The first time you generate audio with Pocket TTS, it will automatically download the model weights. This is a one-time download.

Voice Cloning Access

Voice cloning requires accepting the model terms on Hugging Face. If voice cloning downloads are blocked:

  1. Visit the Pocket TTS model page and accept the terms
  2. Create a Hugging Face access token
  3. Set the token in your environment as HF_TOKEN
  4. Restart Talemate

Configuration

Variant

The model variant identifier. The default b6369a24 is the current recommended version.

Temperature

Controls voice variation during generation. Higher values (e.g., 1.0) produce more varied but potentially less stable output. Lower values (e.g., 0.5) produce more consistent results. Default is 0.7.

LSD Decode Steps

Number of decoding steps. Higher values can improve quality but increase generation time. Default is 1.

Noise Clamp

When set above 0, limits noise sampling to prevent extreme values. 0 disables clamping. Default is 0.

EOS Threshold

End-of-sequence detection threshold. Controls when the model stops generating audio. Default is -4.0.

Frames After EOS

Number of additional audio frames to generate after detecting the end of speech. 0 uses automatic detection. Default is 0.

Chunk Size

Text is split into chunks of this size for processing. Smaller values increase responsiveness but may affect natural flow between chunks. 0 disables chunking. Default is 256.

Built-in Voices

Talemate includes several ready-to-use Pocket TTS voices. These are available immediately without any additional setup:

Voice Description
Eva Female, calm, mature, thoughtful
Lisa Female, energetic, young
Adam Male, calm, mature, thoughtful, deep
Bradford Male, calm, mature, thoughtful, deep
Julia Female, calm, mature
Zoe Female
William Male, young

These voices use audio samples located in the tts/voice/pocket_tts/ folder within your Talemate installation.

Adding Custom Voices

Voice Requirements

Pocket TTS voices use audio files as reference prompts for voice cloning:

  • Audio file in .wav format
  • Clear speech with minimal background noise
  • Single speaker throughout the sample

Creating a Voice

  1. Open the Voice Library
  2. Click New
  3. Select "Pocket TTS" as the provider
  4. Configure the voice:

Add Pocket TTS voice

Label: A descriptive name for the voice (e.g., "Sarah - Warm Female")

Voice ID / Upload File: You have two options:

  • Upload a .wav file containing the voice sample - the uploaded file becomes the voice ID
  • Enter a path to a local .wav file (relative to Talemate workspace or absolute path)
  • Enter a Hugging Face URL in the format hf://kyutai/tts-voices/...

Tags: Add descriptive tags (gender, age, style) for organization and filtering

Extra Voice Parameters

Pocket TTS extra voice parameters

Truncate Prompt Audio

When enabled, truncates the voice prompt audio to 30 seconds when extracting the voice characteristics.
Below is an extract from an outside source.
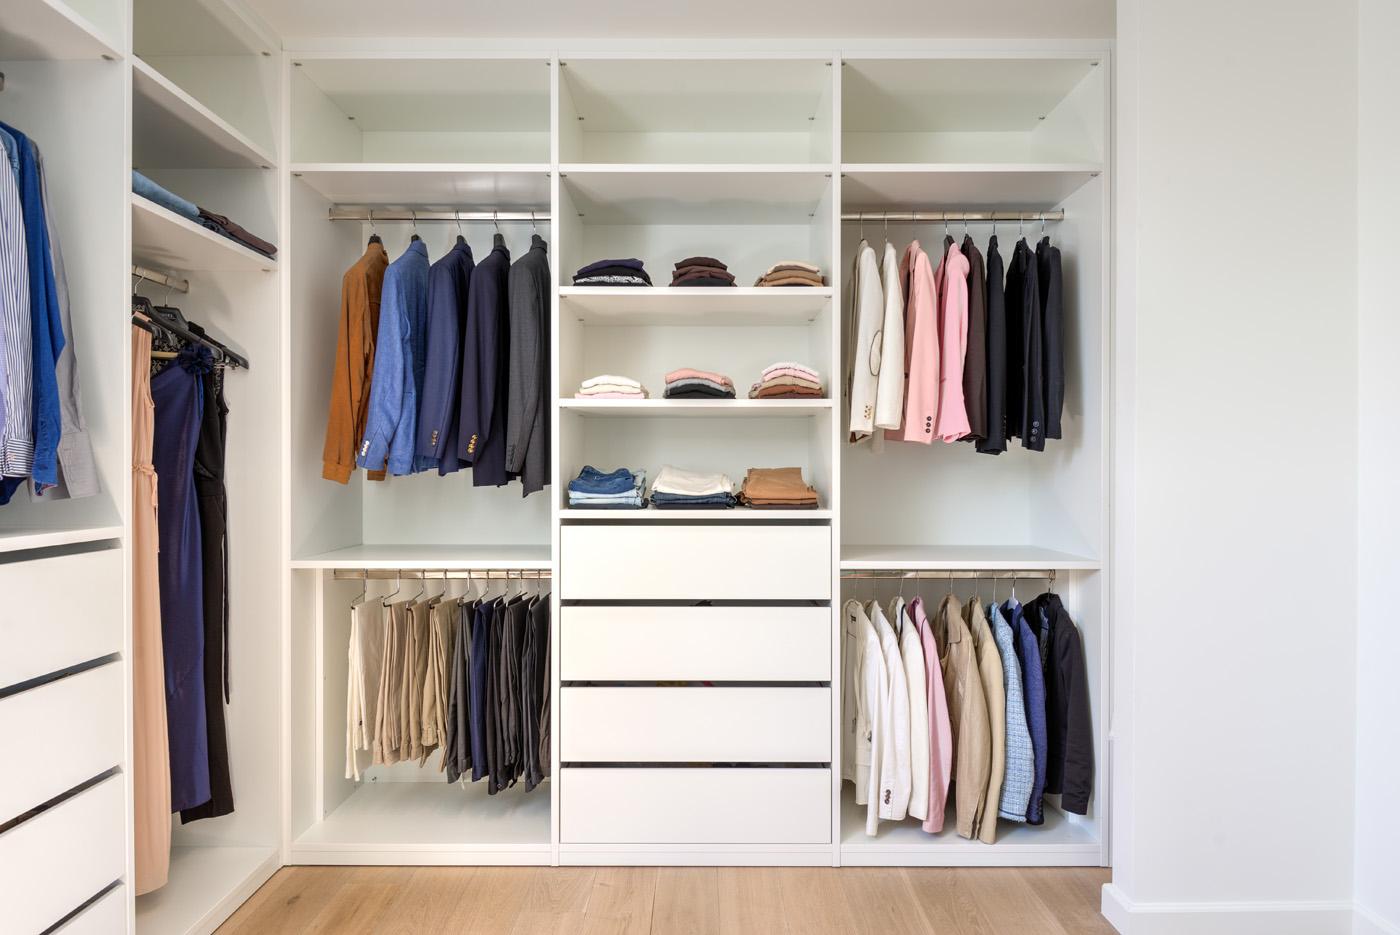 Des astuces pour aménager un dressing pas cher chez soi ...

This can help prevent memory issues with very long audio samples.

Using Hugging Face Voice Catalog

Kyutai provides a catalog of voices on Hugging Face that you can use directly with Pocket TTS. To use a voice from the catalog:

  1. Visit the Kyutai voice catalog
  2. Find a voice you want to use
  3. Copy the voice path
  4. In Talemate, create a new Pocket TTS voice and enter the path as the Voice ID in the format: hf://kyutai/tts-voices/voice-name/file.wav

Troubleshooting

Model Download Issues

If the model fails to download:

  • Check your internet connection
  • Verify you have accepted the terms on Hugging Face
  • Make sure your HF_TOKEN environment variable is set correctly
  • Try restarting Talemate

Voice Cloning Not Working

If you can use built-in voices but voice cloning fails:

  • Voice cloning requires accepting additional terms on Hugging Face
  • Follow the First-Time Setup instructions above to configure your Hugging Face token

Generation Quality Issues

If the generated audio sounds unusual:

  • Try adjusting the Temperature setting - lower values produce more consistent results
  • Ensure your voice reference audio is clear with minimal background noise
  • Try using a shorter audio sample (5-15 seconds often works well)